For the lower bound let $u^l_n=\sqrt{2\log n}-\frac{\sqrt{2}(\frac{1}{4}+\epsilon)\log\log n}{\sqrt{\log n}}$ where $\epsilon>0$. Again using the same approximation for the distribution of the tail of a Gaussian random variable, we obtain: $$\begin{array}{rcl}P(X_1>u^l_n)&\approx&\frac{\exp\left[-\log n +2(\frac{1}{4}+\epsilon)\log\log n-\mathcal{O}\left(\frac{(\log\log n)^2}{\log n}\right)\right]}{\sqrt{2\pi}\left(\sqrt{2\log n}+\mathcal{O}\left(\frac{\log\log n}{\sqrt{\log n}}\right)\right)}\\ &=&\frac{(\log n)^\epsilon}{C_2n} \end{array}$$ where $C_2=\mathcal{O}(1)$ captures the lower-order terms and the constants. Clearly $P(X_1>u^l_n)\rightarrow 0$ and $nP(X_1>u^l_n)\rightarrow\infty$, so the conditions necessary for Lemma 2 are satisfied. Now,

$$P(X_1>u^l_n)\exp[-nP(X_1>u^l_n)]=\frac{(\log n)^\epsilon}{C_2 ne^{(\log n)^\epsilon/C_2}}$$

Again employing the Cauchy condensation test we can show that: $$\sum_{n=1}^\infty \frac{(\log n)^\epsilon}{C_2 ne^{(\log n)^\epsilon/C_2}}<\infty$$ By Lemma 2, $P(M_n<u^l_n~~\text{i.o})=0$. A few arithmetic manipulations yield that: $$\tag{2}P\left(\frac{\log n}{\log \log n}\left(\frac{M_n}{\sqrt{2\log n}}-1\right)<-\frac{1}{4}-\epsilon~~\text{i.o.}\right)=0$$ Combining (1) and (2) yields the desired result.
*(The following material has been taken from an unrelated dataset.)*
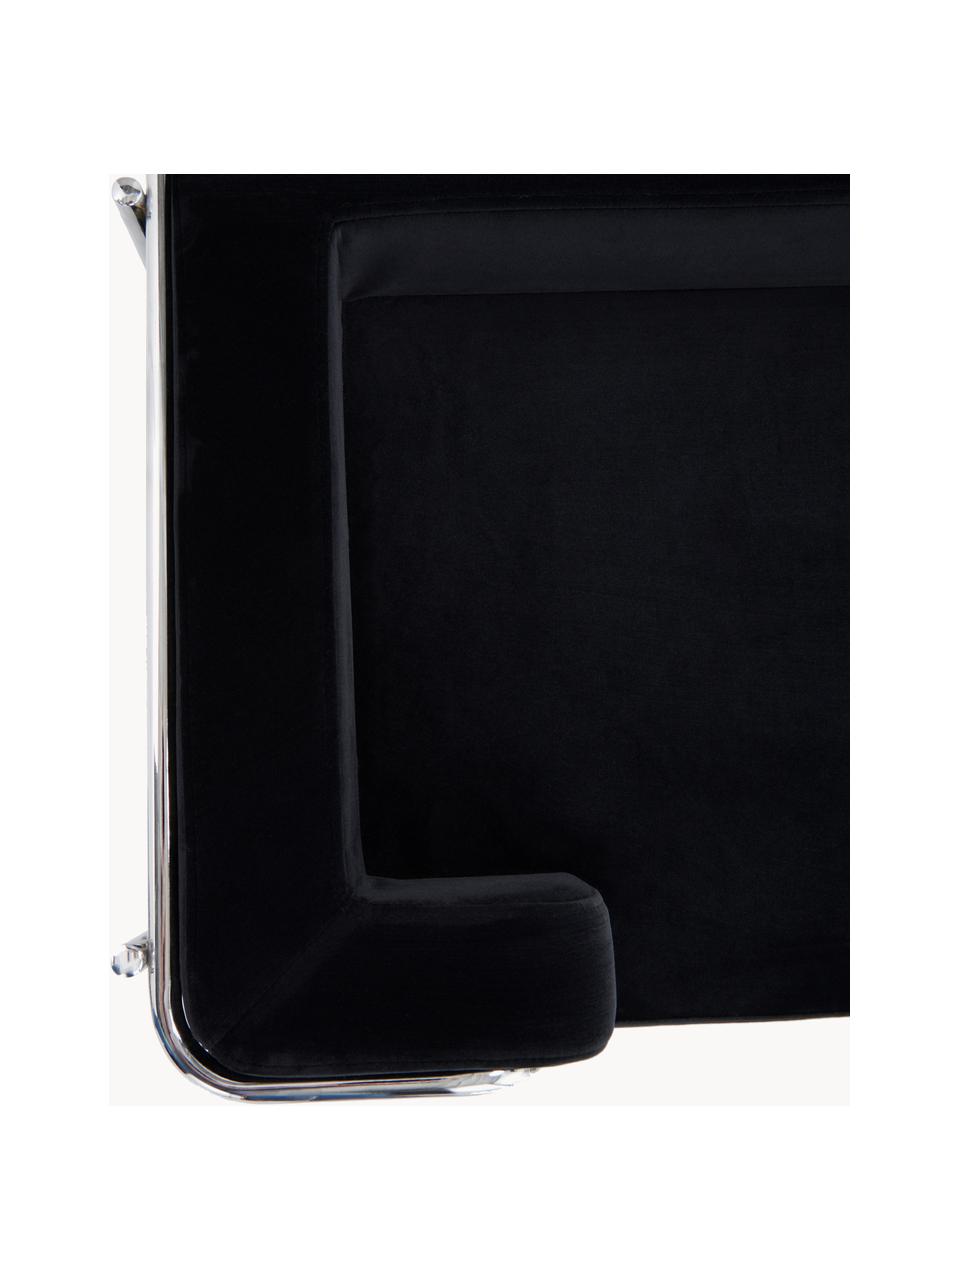 Fluwelen huisdierbed Fldo, Bekleding: fluweel (100% polyester), Frame: verchroomd metaal, Zwart, zilverkleurig, B 83 x D 52 cm

Remark: This demonstrates a bound on the limit if the limit exists (in fact, as Did points out, this shows $\limsup$ is $\leq 1/4$ and $\liminf$ is $\geq 1/4$). I wonder if one can determine if the limit in fact converges to some fixed number $C\in\left[-\frac{1}{4},\frac{1}{4}\right]$ or "bounces around" (akin to a sine wave). Perhaps Did's convergence in probability to $-\frac{1}{4}$ can somehow be leveraged here?